Dataset records:

::::

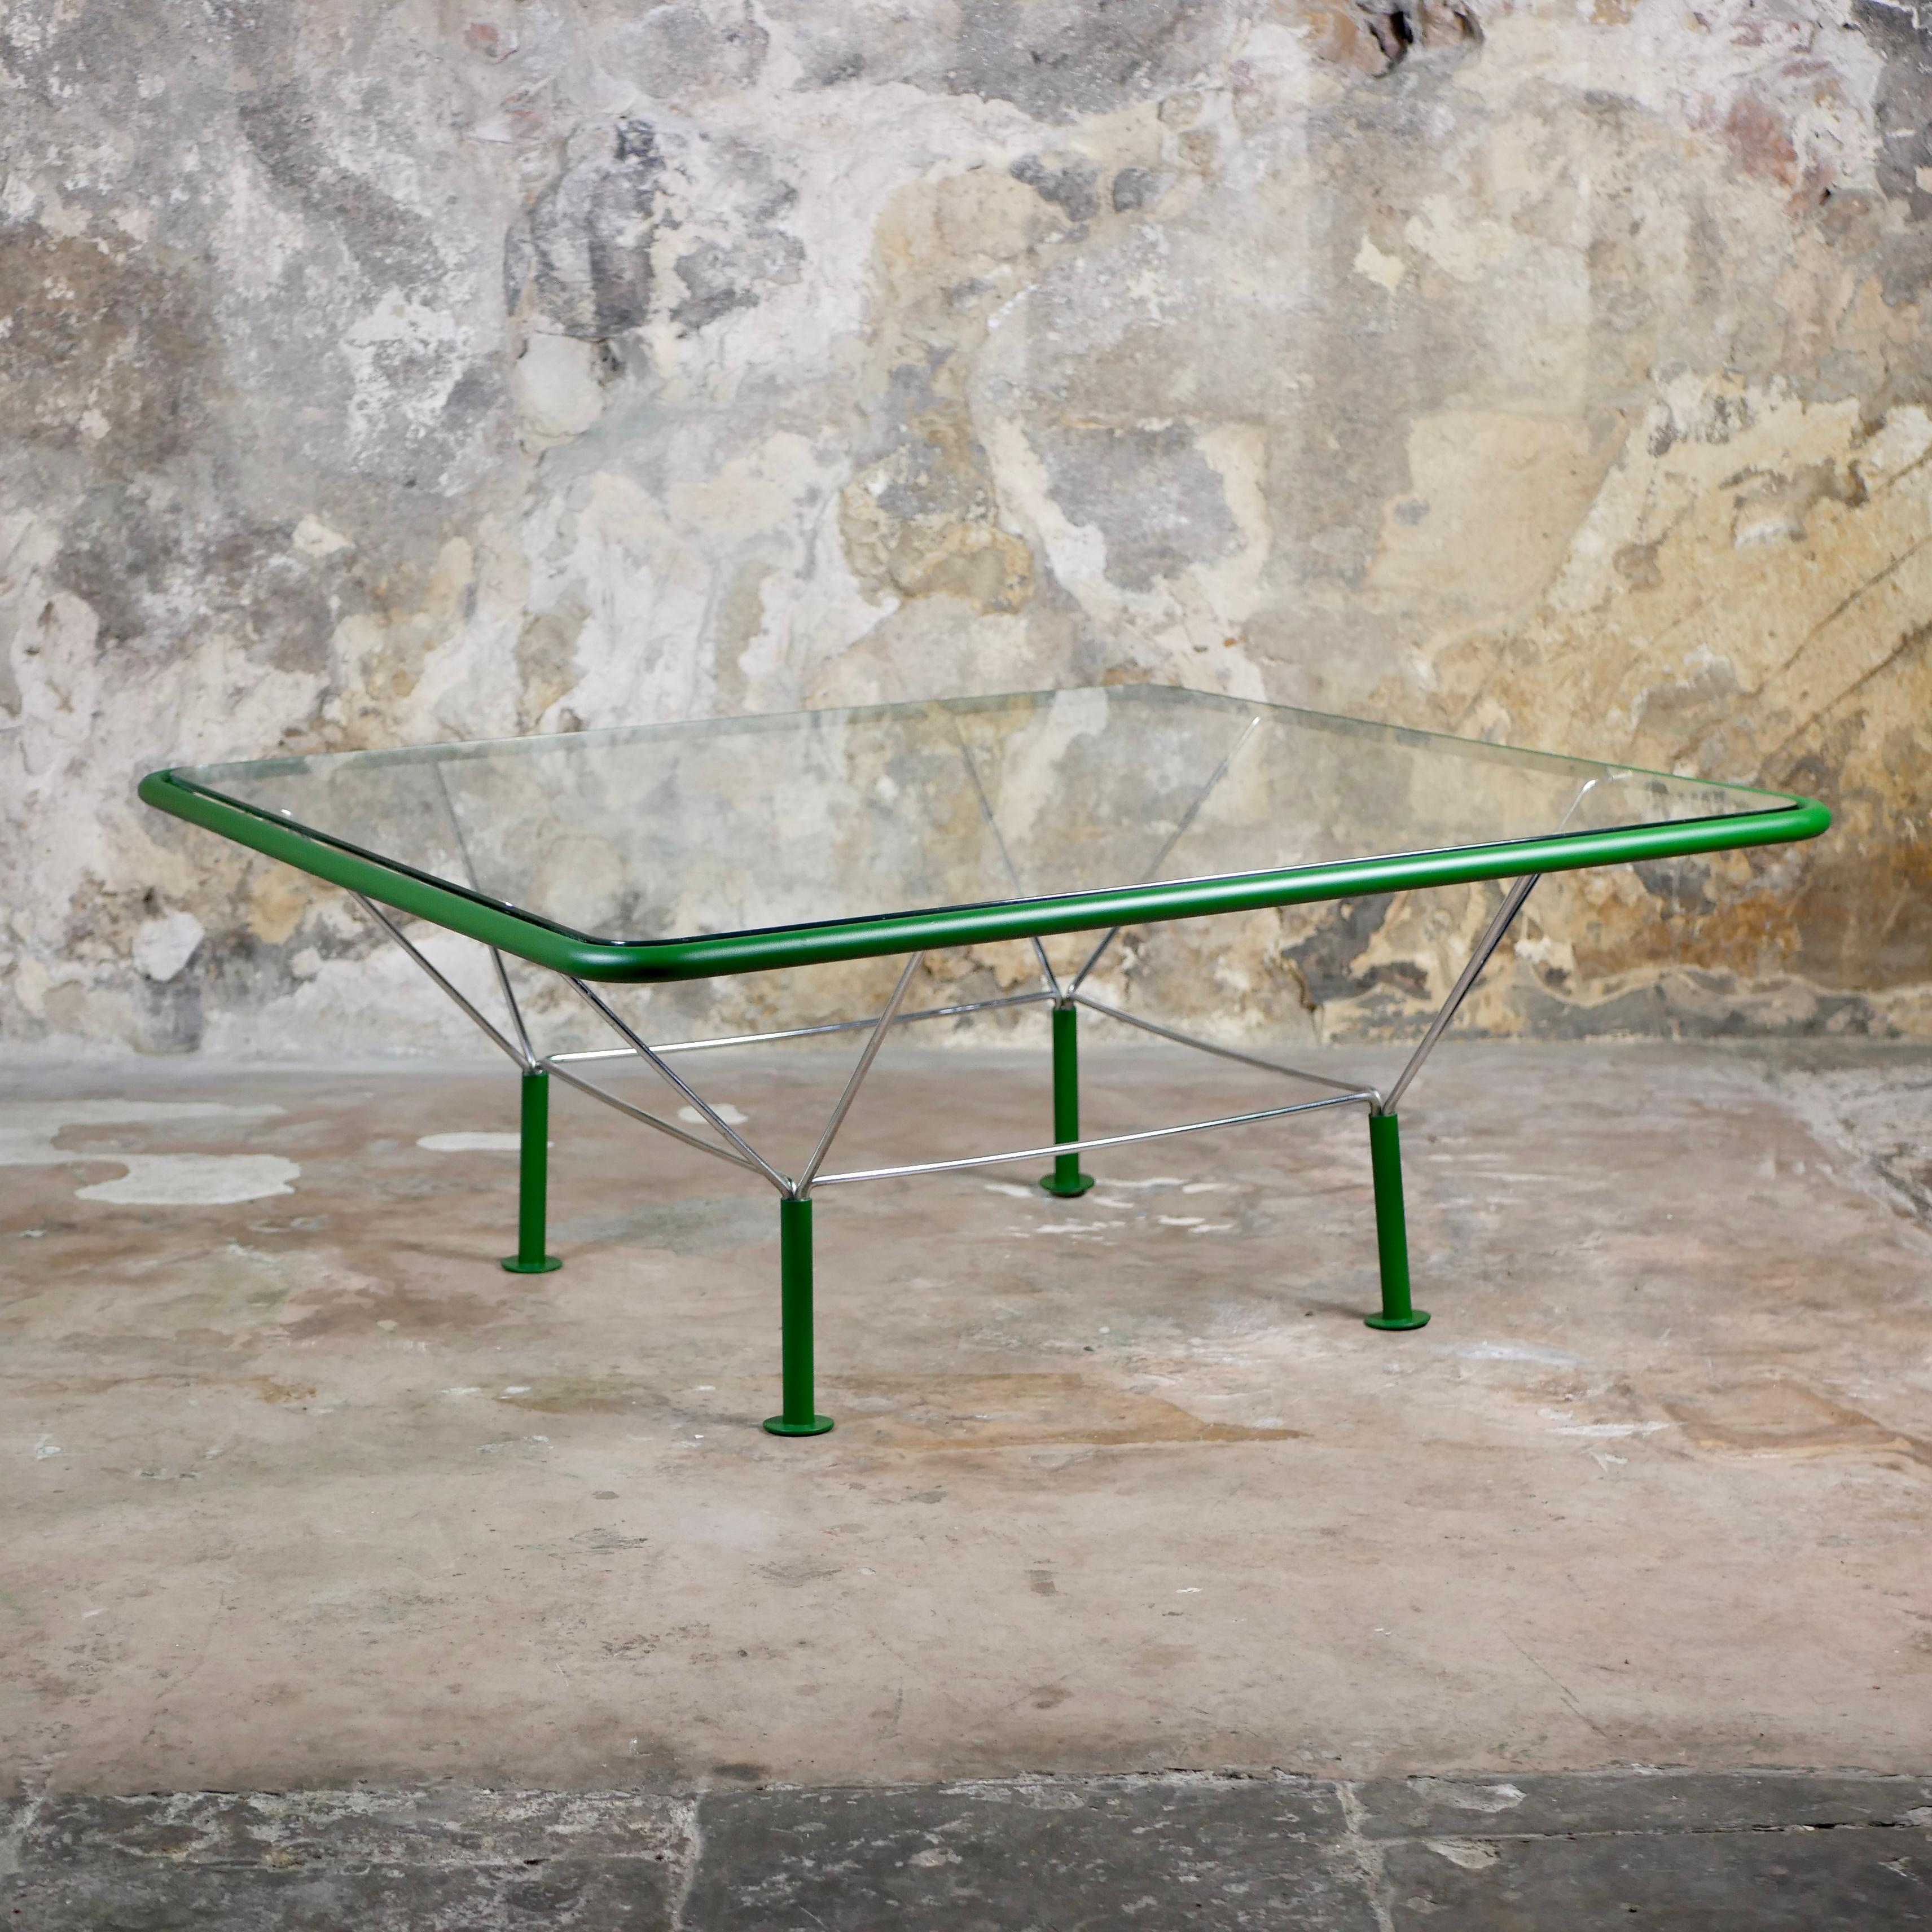 Magnifique et rare table basse de Niels Bendtsen, fabriquée au Danemark dans les années 1970.
Structure en métal tubulaire, finition, plateau en verre.
Bon état, quelques rayures sur le dessus.
Dimensions : L100, P100, H40
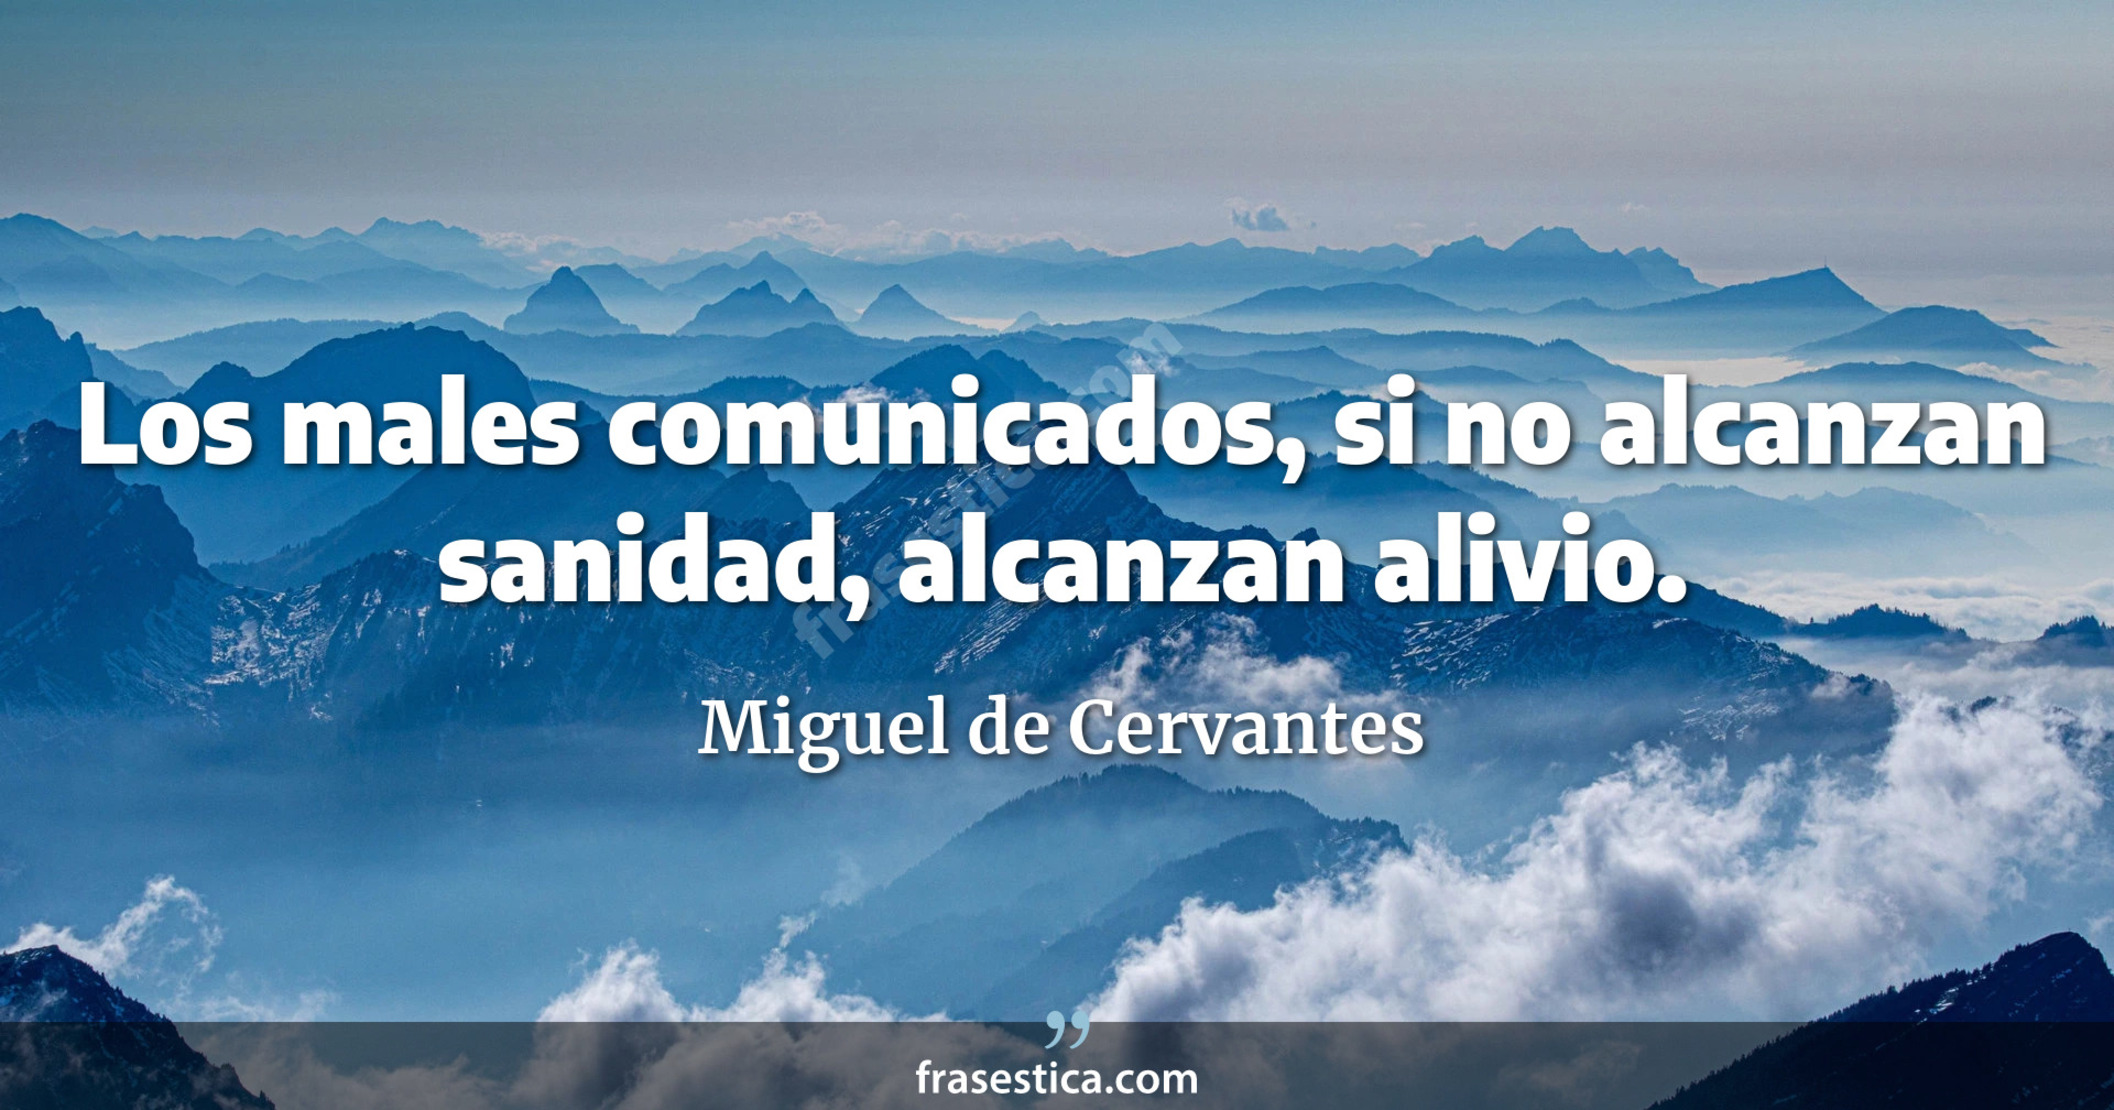 Los males comunicados, si no alcanzan sanidad, alcanzan alivio. - Miguel de Cervantes
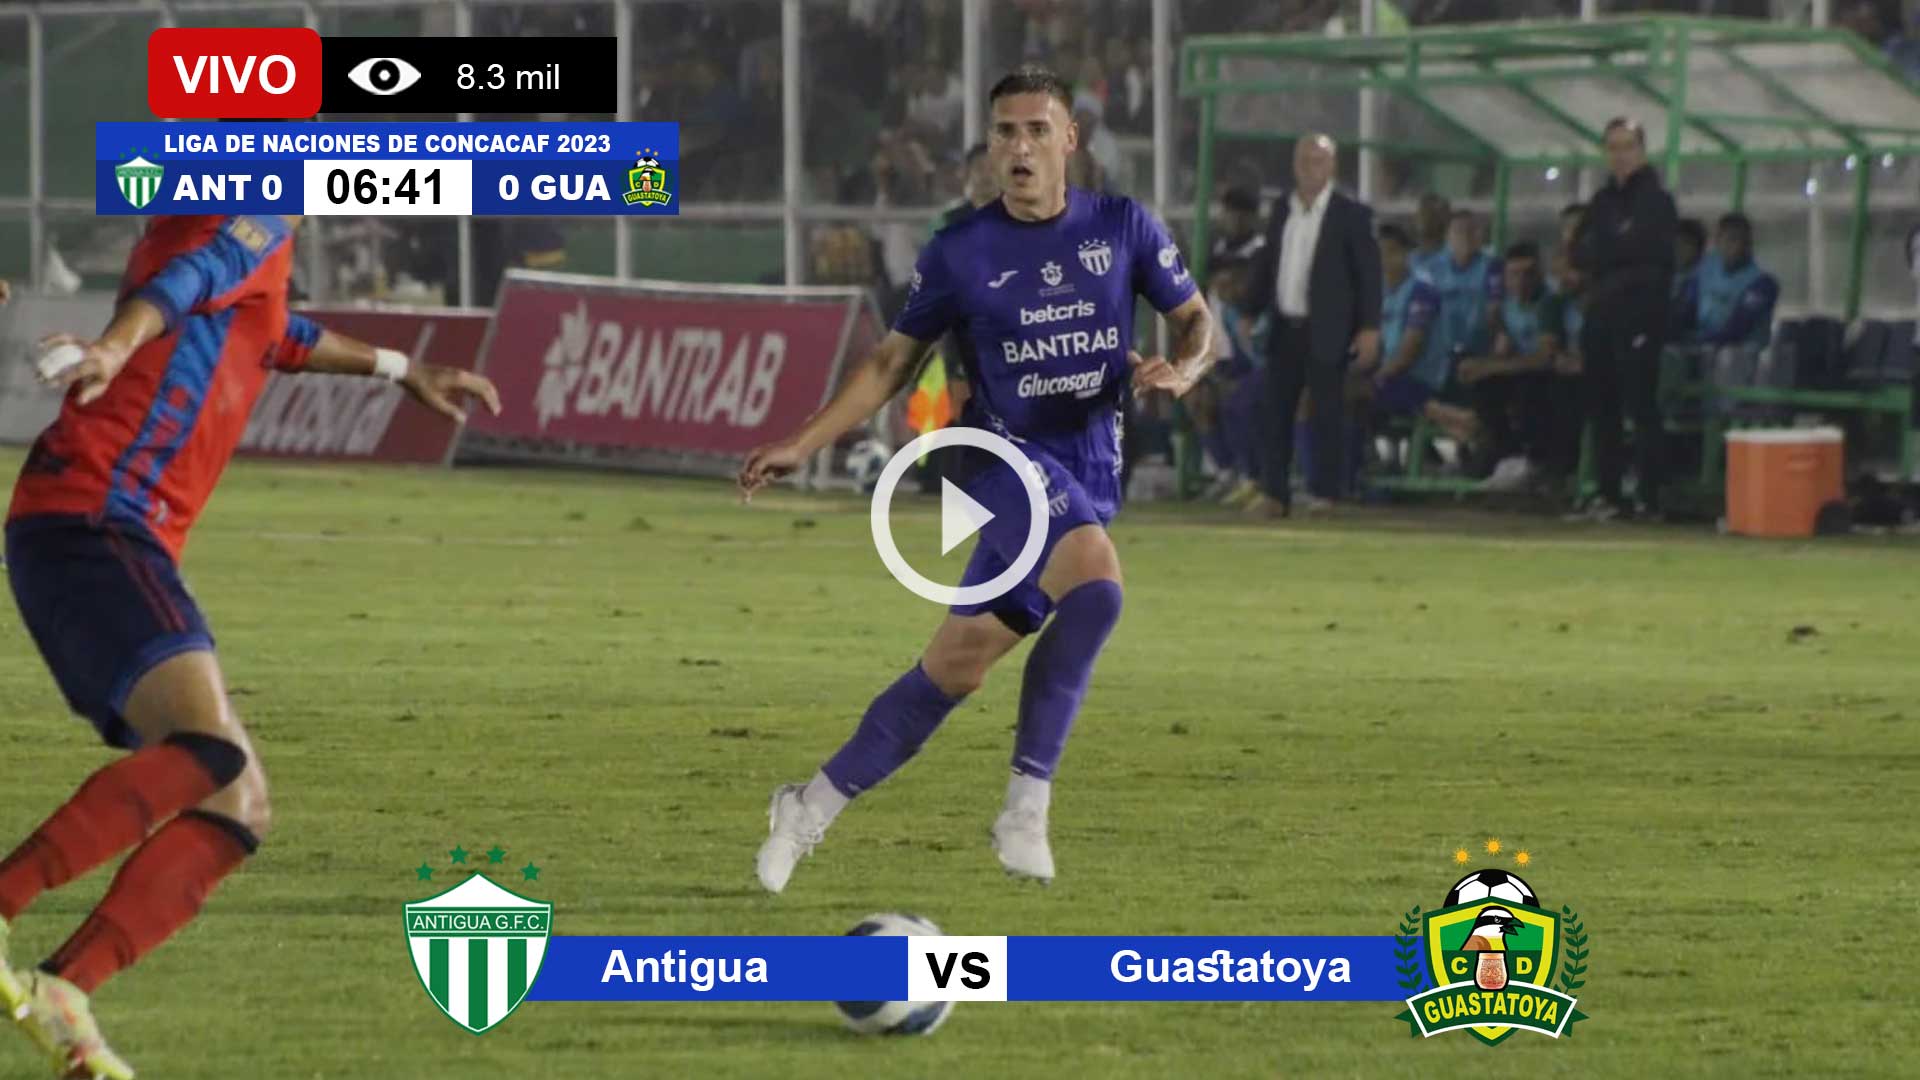 Antigua-vs-Guastatoya-en-vivo-online-gratis-por-internet

::::

## Work order
The entries above must be output exactly, with every image left out.

## Written solution
 Magnifique et rare table basse de Niels Bendtsen, fabriquée au Danemark dans les années 1970.
Structure en métal tubulaire, finition, plateau en verre.
Bon état, quelques rayures sur le dessus.
Dimensions : L100, P100, H40
 Los males comunicados, si no alcanzan sanidad, alcanzan alivio. - Miguel de Cervantes
 Antigua-vs-Guastatoya-en-vivo-online-gratis-por-internet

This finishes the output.